| Task goal |
Nothing but an exact repeat of the data, with pictures removed, belongs in the answer.

| Available data |
——

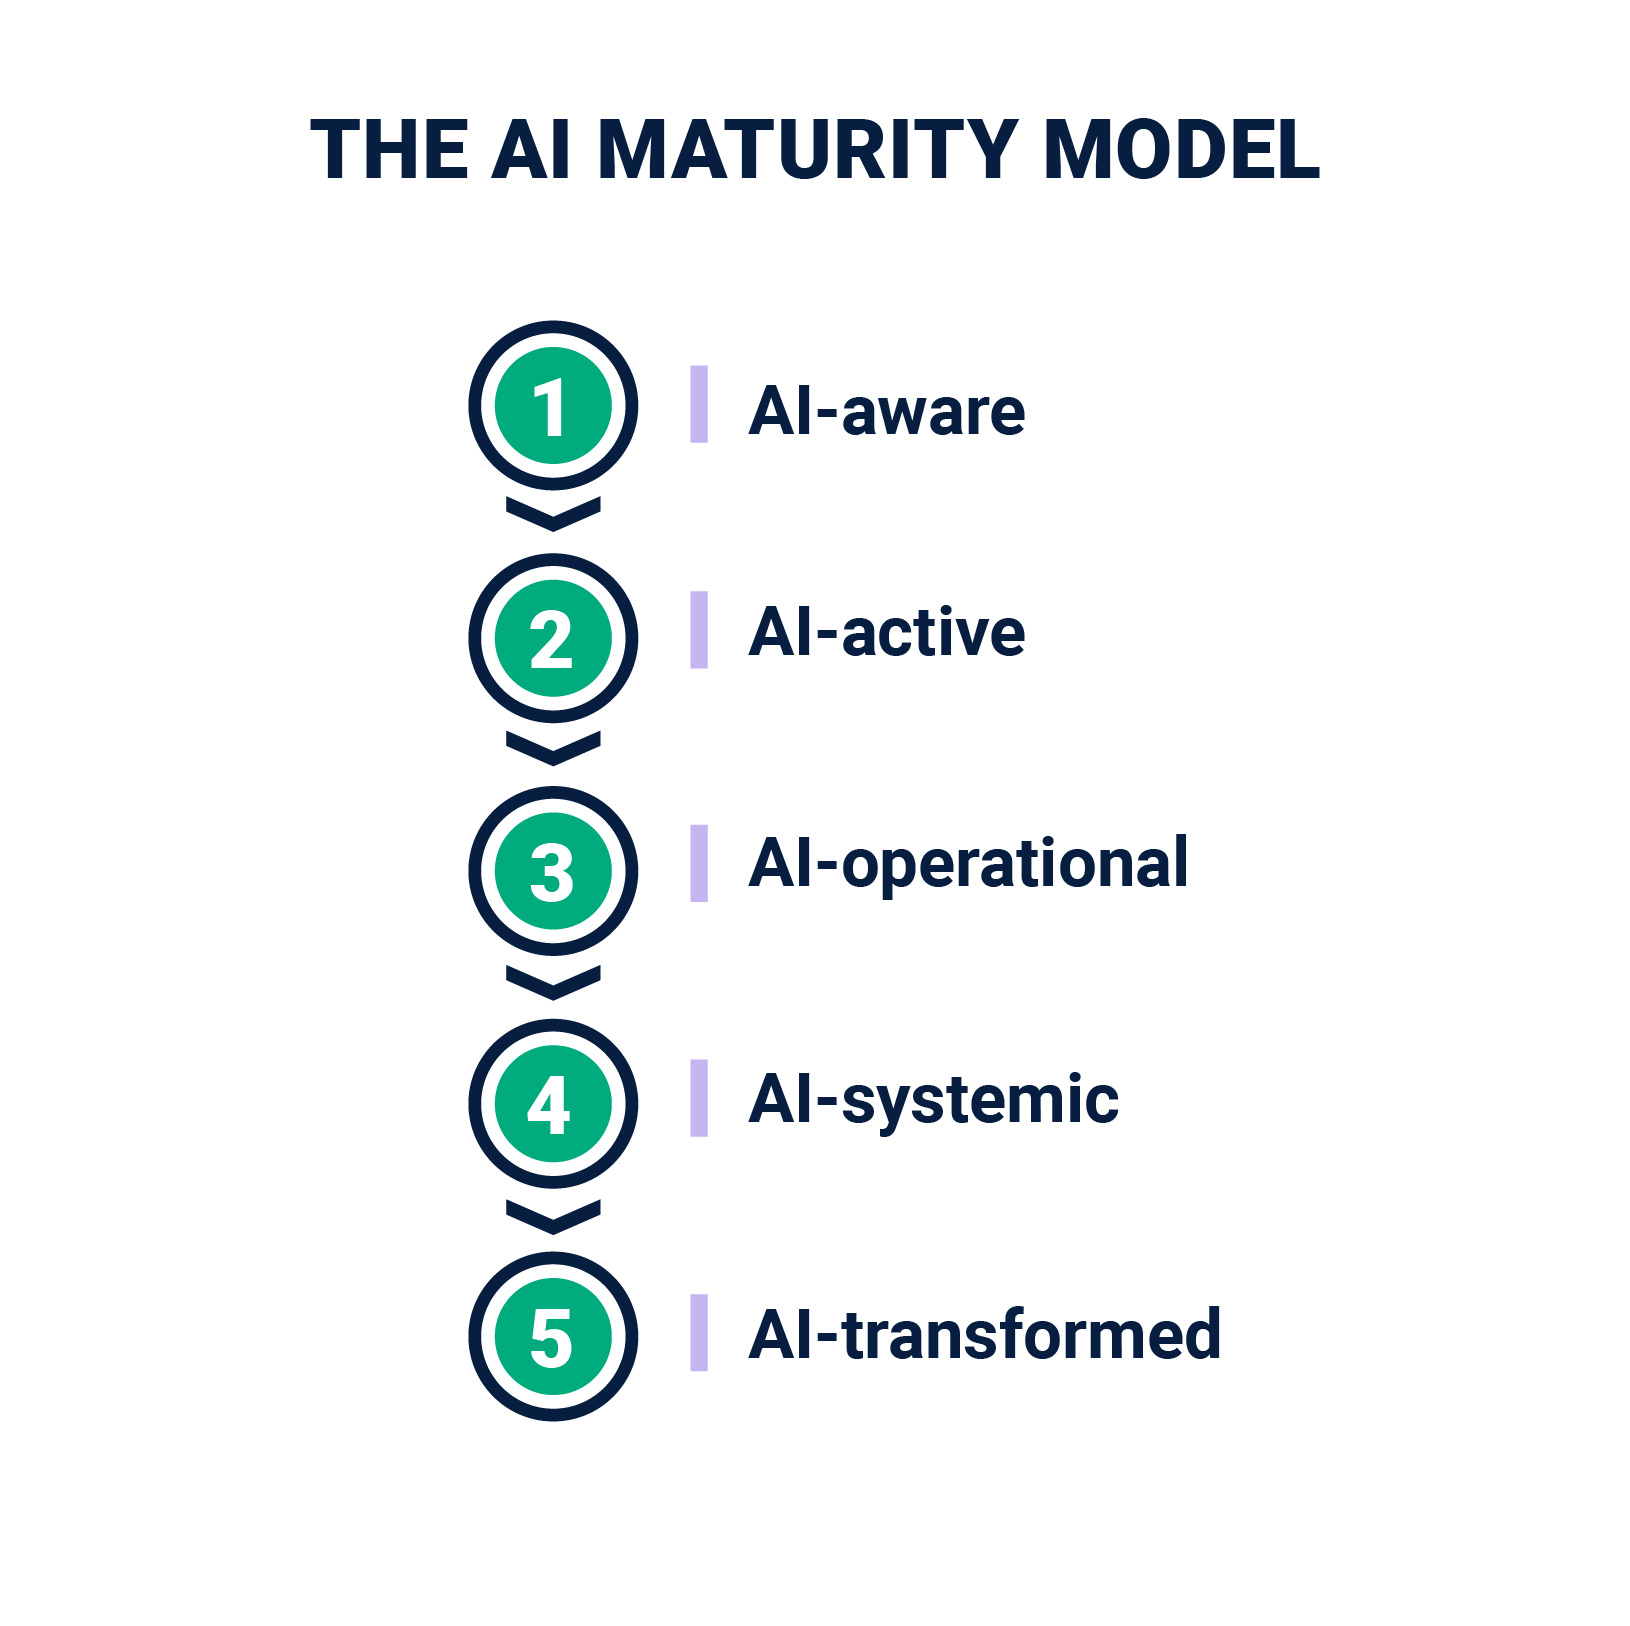 The AI Maturity Model. 1-AI-aware, 2-AI-active, 3-AI-operational, 4-AI-systemic, 5-AI-transformed
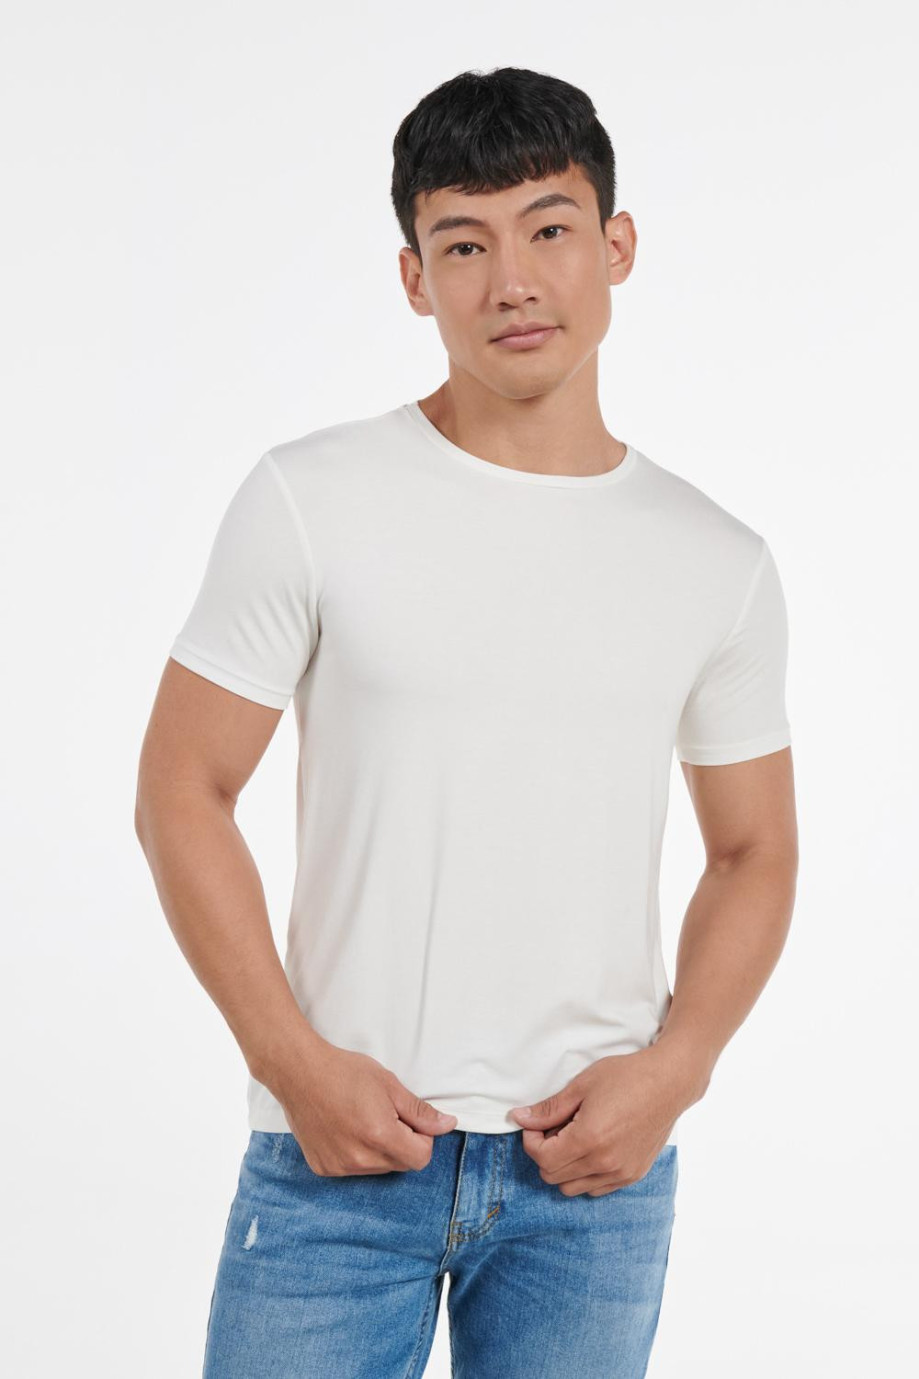 Camiseta manga corta unicolor con sesgo en cuello redondo
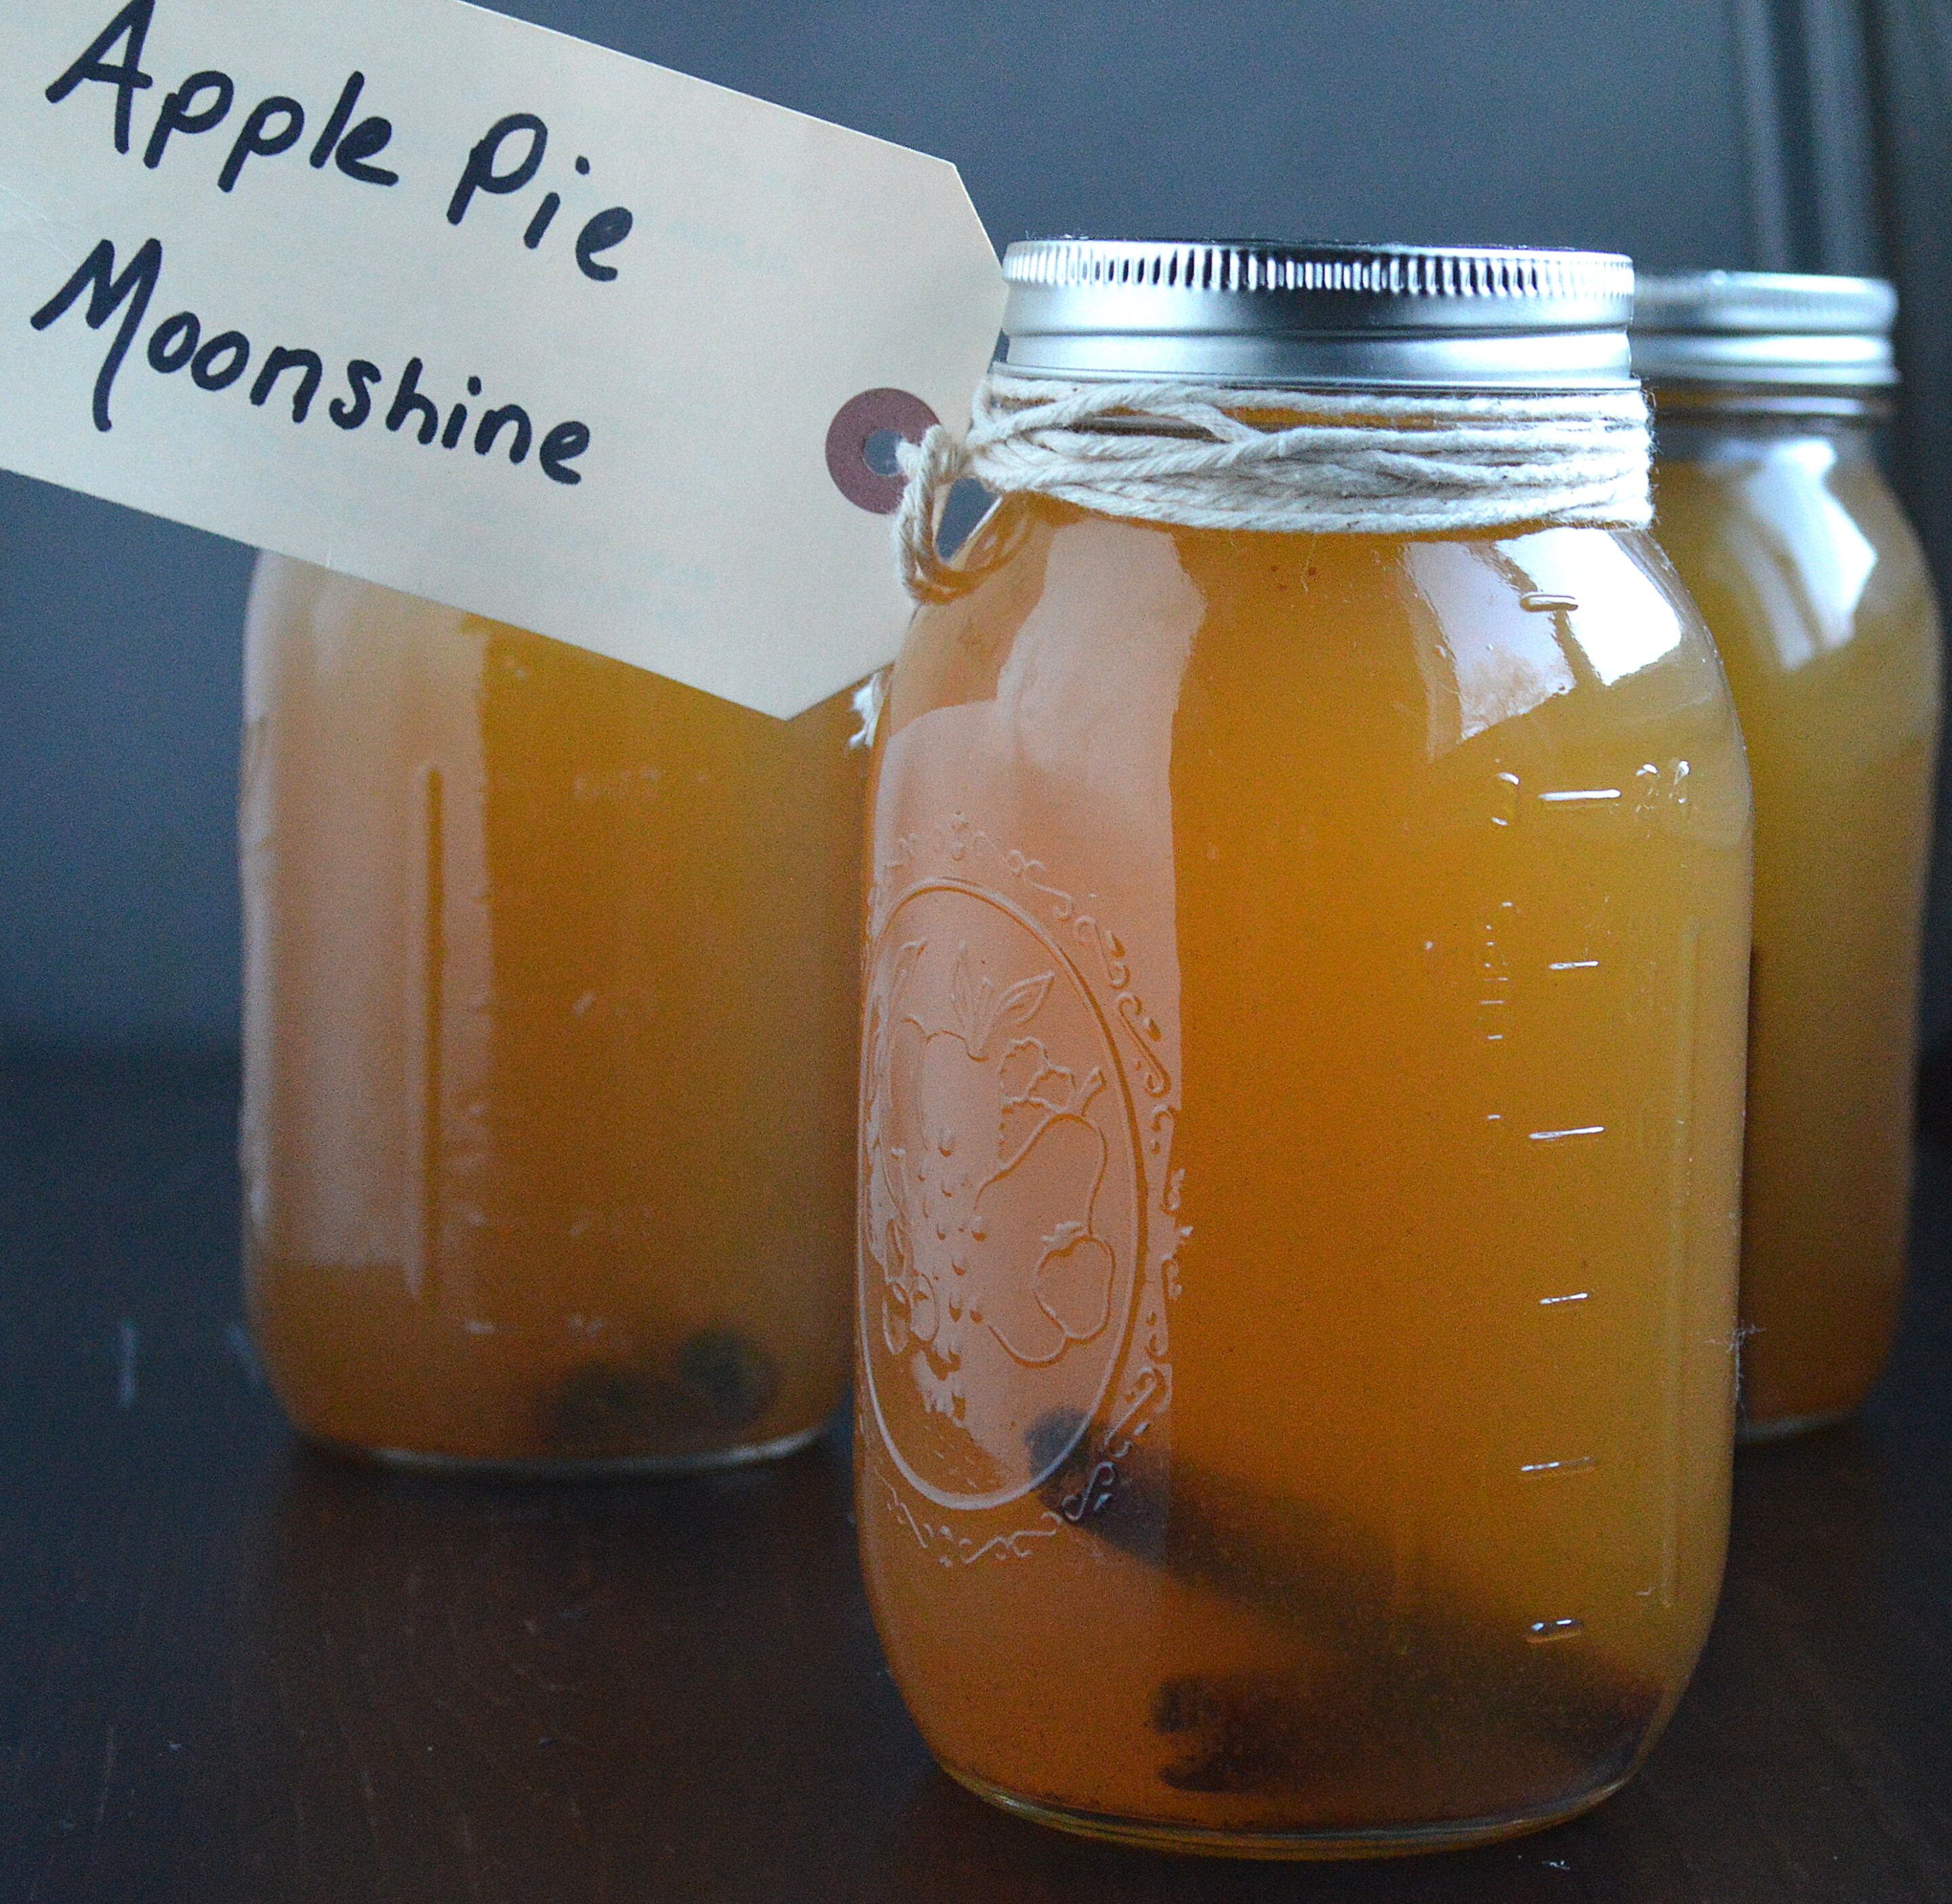 Apple Pie Moonshine
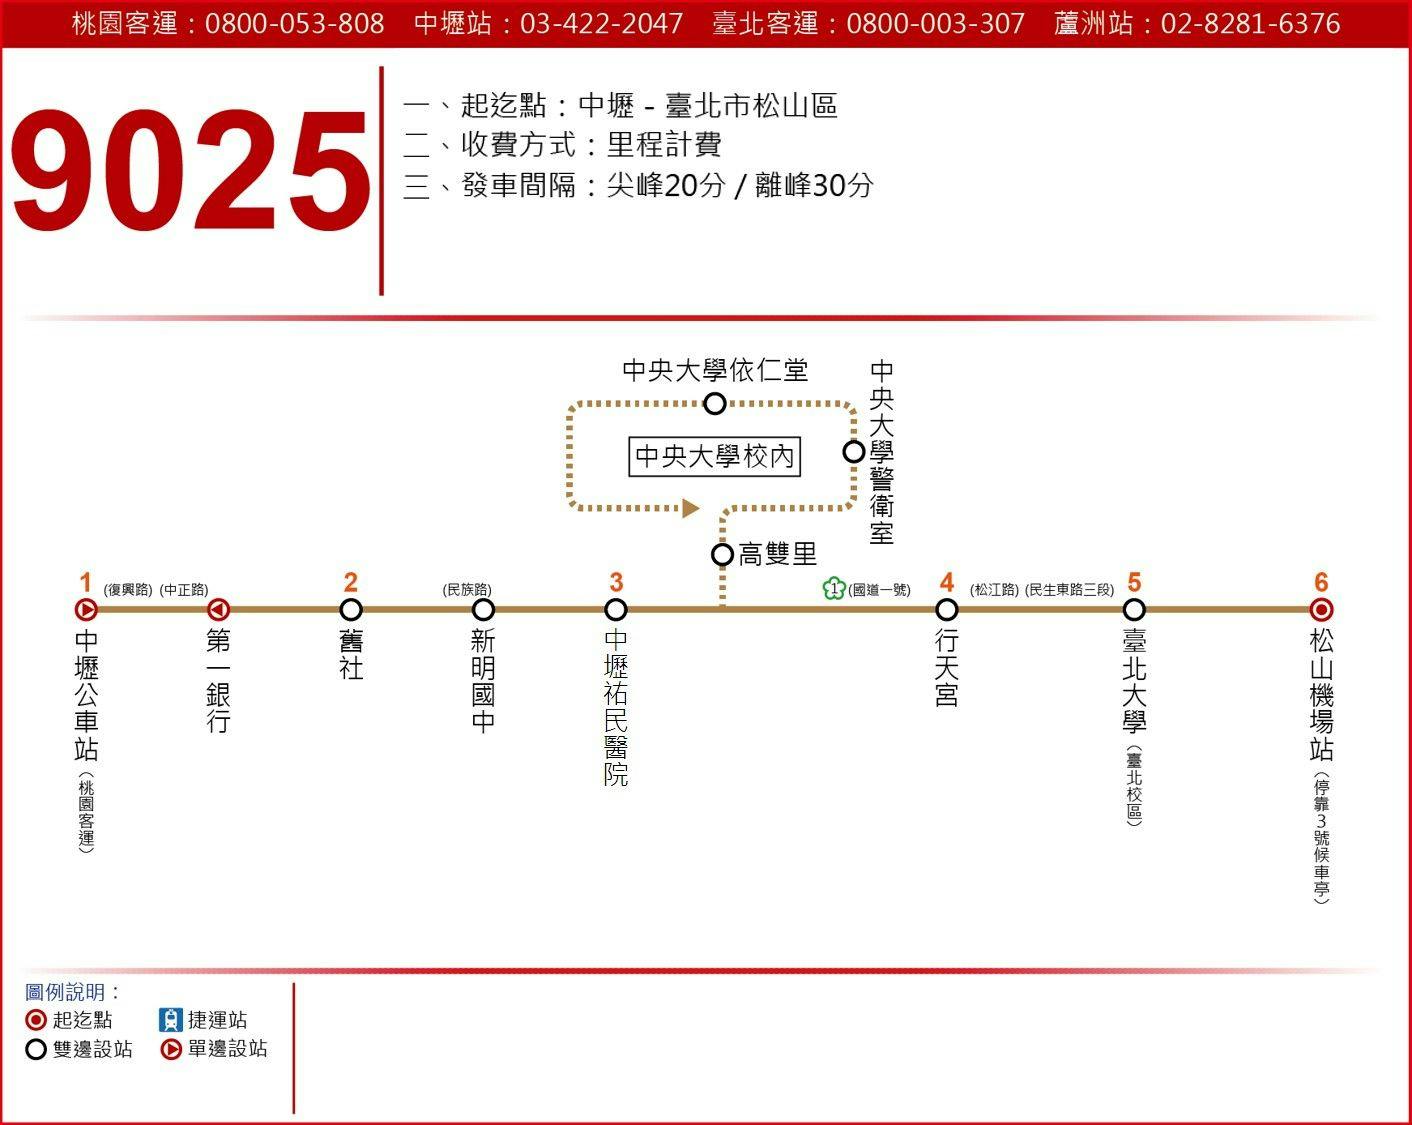 9025Route Map-Taoyuan Bus

——

| Task response |
 The AI Maturity Model. 1-AI-aware, 2-AI-active, 3-AI-operational, 4-AI-systemic, 5-AI-transformed
 Camiseta manga corta unicolor con sesgo en cuello redondo
 Apple Pie Moonshine
 9025Route Map-Taoyuan Bus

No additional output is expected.